Data excerpts
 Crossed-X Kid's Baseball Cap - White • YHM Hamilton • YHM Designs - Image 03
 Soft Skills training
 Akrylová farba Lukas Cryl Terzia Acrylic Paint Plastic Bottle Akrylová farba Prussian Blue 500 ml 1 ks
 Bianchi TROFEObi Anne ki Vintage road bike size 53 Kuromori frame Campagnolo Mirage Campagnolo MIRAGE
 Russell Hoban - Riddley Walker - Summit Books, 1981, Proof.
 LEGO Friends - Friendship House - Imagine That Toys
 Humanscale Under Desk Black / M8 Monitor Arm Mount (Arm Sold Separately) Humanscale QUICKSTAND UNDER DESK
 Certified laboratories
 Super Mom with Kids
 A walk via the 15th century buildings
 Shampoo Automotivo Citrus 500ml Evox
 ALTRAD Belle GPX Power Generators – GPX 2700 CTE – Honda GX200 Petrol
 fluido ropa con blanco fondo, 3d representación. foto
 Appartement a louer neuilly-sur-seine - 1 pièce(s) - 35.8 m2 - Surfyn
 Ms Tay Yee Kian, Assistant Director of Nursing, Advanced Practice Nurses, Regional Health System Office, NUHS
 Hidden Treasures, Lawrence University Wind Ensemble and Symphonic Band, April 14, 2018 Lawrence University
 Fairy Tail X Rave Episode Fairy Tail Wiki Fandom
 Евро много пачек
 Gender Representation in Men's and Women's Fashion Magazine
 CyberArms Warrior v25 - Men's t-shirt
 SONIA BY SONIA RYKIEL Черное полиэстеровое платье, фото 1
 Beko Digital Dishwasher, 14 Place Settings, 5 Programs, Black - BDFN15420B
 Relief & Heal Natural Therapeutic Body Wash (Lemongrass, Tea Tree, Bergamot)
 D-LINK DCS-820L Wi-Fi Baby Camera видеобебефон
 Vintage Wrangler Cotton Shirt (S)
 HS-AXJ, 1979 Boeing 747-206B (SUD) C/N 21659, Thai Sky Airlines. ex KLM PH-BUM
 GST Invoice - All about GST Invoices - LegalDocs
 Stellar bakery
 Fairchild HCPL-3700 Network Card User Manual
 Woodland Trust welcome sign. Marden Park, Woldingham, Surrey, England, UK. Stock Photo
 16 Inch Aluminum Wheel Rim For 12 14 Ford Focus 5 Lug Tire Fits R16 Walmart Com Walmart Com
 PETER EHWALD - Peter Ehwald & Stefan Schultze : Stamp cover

TASK TO CARRY OUT:
Starting with the first line of the records, repeat every line up to and including the one containing "LEGO Friends - Friendship", and nothing else.

EXERCISE OUTPUT:
 Crossed-X Kid's Baseball Cap - White • YHM Hamilton • YHM Designs - Image 03
 Soft Skills training
 Akrylová farba Lukas Cryl Terzia Acrylic Paint Plastic Bottle Akrylová farba Prussian Blue 500 ml 1 ks
 Bianchi TROFEObi Anne ki Vintage road bike size 53 Kuromori frame Campagnolo Mirage Campagnolo MIRAGE
 Russell Hoban - Riddley Walker - Summit Books, 1981, Proof.
 LEGO Friends - Friendship House - Imagine That Toys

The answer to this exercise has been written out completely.